Все изменилось год назад, когда Пименов, приехав в очередную командировку, разложил перед Проскуряковым схему. Получалось по этой схеме, что за три года главк по личным предписаниям Проскурякова выделил Пригорской ювелирно-аффинажной фабрике дефицитных фондов и станков больше, чем всем другим предприятиям, однако на фабрику пришла только третья часть отпущенных материальных ценностей общей стоимостью на шестьсот сорок тысяч рублей.

— Получается так, Юрий Михайлович, — сказал тогда Пименов, — что ты, воленс-ноленс, стал фактическим главой нашей фирмы. Я ведь те станки, что ты нам выбил, и медь с алюминием не турку продал, а приспособил для дела, для большого дела. По мастерским я эти станки распределил, по верным моим людям, и производят эти станки товары опять-таки не для турка, а для советского человека. И если я это производство отладил, то тебе теперь пора его возглавить. Куда ни крути, как от этого ни уходи, а уйти никуда не уйдешь. Пойми меня верно, Юрий Михайлович, я тебя не запугивать собираюсь, не вербовать, я тебе правду говорю: придешь с повинной, получишь десять лет, а сами заберут, так максимум пятнадцать. В нашем возрасте эта разница — не разница. Будешь слушать или погонишь меня из кабинета?

Анализируя себя и свои поступки после этого разговора, Проскуряков в который уже раз поражался тому, как гибок человек и способен к самовыгораживанию. Он точно помнил строй тогдашних своих размышлений. Когда Пименов объяснил ему структуру предприятия и рассказал, что в основу дела положена категория дефицита, он долго сидел молча, неторопливо затягиваясь «Герцеговиной Флор». (Единственное, что он себе позволил, получив лишние деньги, так это сменить «Казбек» на «Герцеговину»: он чувствовал себя значительнее и спокойнее, когда курил эти папиросы.)

Он мог бы на этом этапе остаться прежним Проскуряковым — так казалось ему. Стоило только снять трубку и позвонить, куда следует звонить в таких случаях. Но он остановил себя, потому что не совсем точно понимал, куда именно в этом конкретном случае надо звонить. То ли в министерство, к Константину Павловичу, то ли сразу в милицию.

«В конце концов, — думал он, — факт получения мною этих проклятых шести тысяч недоказуем. А мои отказы на некоторые прошения Пименова лежат в архиве. Там же есть и его обращения в вышестоящие инстанции с жалобами на мои отказы. Выходит, я помогал ему под давлением сверху. И опять-таки недоказуемо, что именно я направлял его в эти стоящие надо мной инстанции и что именно я объяснял ему, как следует формулировать просьбы, мотивируя их требованиями технического прогресса и повышения производительности труда. Вой поднимет? Видимо. Ну снимут меня. Ну и что? Буду работать простым инженером. Впрочем, инженером меня не поставят — высшего образования нет. Вот где главный мой промах: все в кресло лез, все поскорей хотел выбиться в люди, а надо б институт кончить — диплом, он как железная кольчуга теперь. А, черт с ним, завхозом поставят, ну и что? Все свобода, а не тюрьма».

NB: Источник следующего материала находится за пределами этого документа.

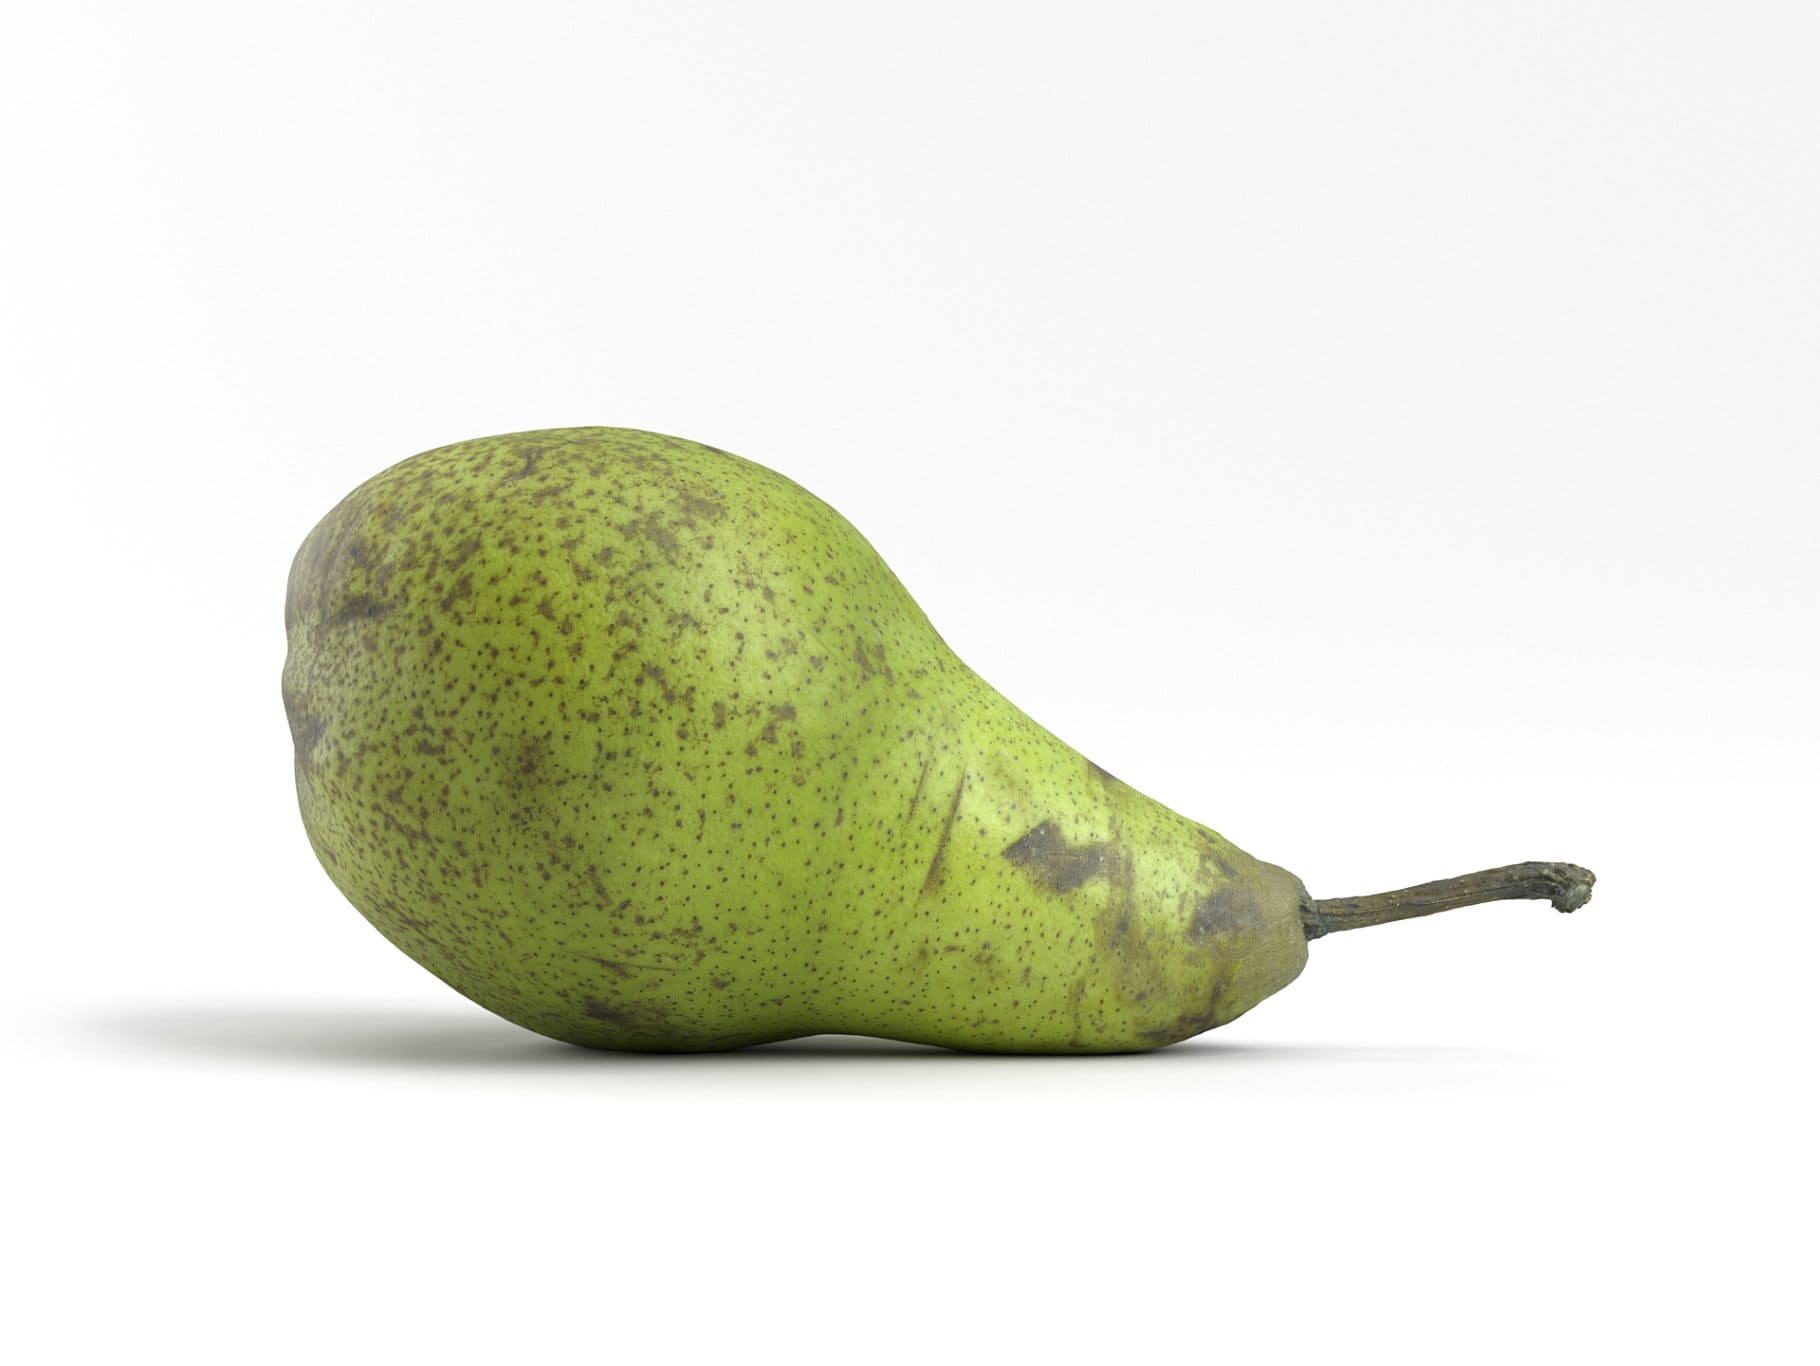 A green pear with a speck lies on a white background.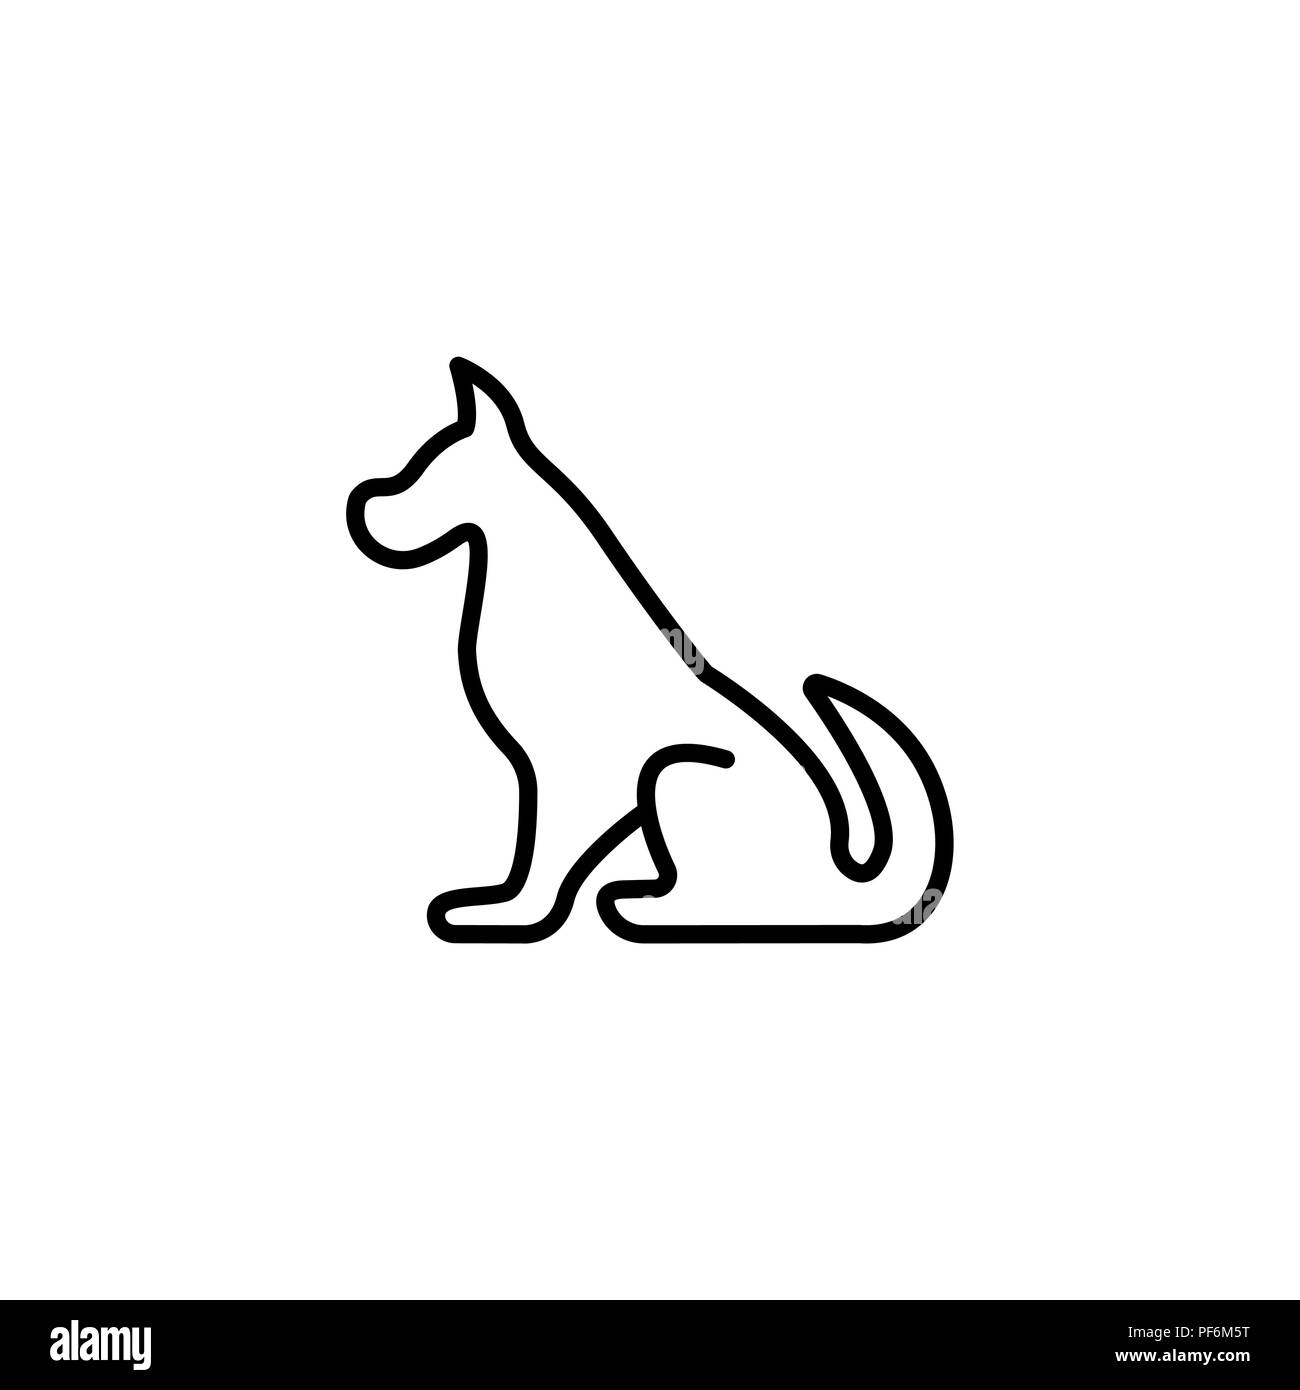 Dog sit silhouette Black and White Stock Photos & Images - Alamy

Но он сразу же представил себе будущую жизнь свою — на восемьдесят рублей в месяц; жену, которая и так пилит его, что мало денег; он представил себе, что каждый вечер ему придется проводить дома, и не будет уже спасительных «совещаний», когда он мог спокойно бывать у Ольги, и не будет командировок по обмену опытом, куда он мог ездить вместе с ней, словом, не будет всего того, к чему он привык за двадцать лет своей руководящей работы и особенно за три последних года, когда не надо было вертеться дома ужом, и выносить унизительные скандалы Ирины Петровны по поводу недоданных в семью денег, и выдумывать истории про вычеты за пользование государственным транспортом.

— Не дело ты затеял, Пименов, — сказал тогда Проскуряков. — Закроют твою контору, и помирать придется в лагере строгого режима.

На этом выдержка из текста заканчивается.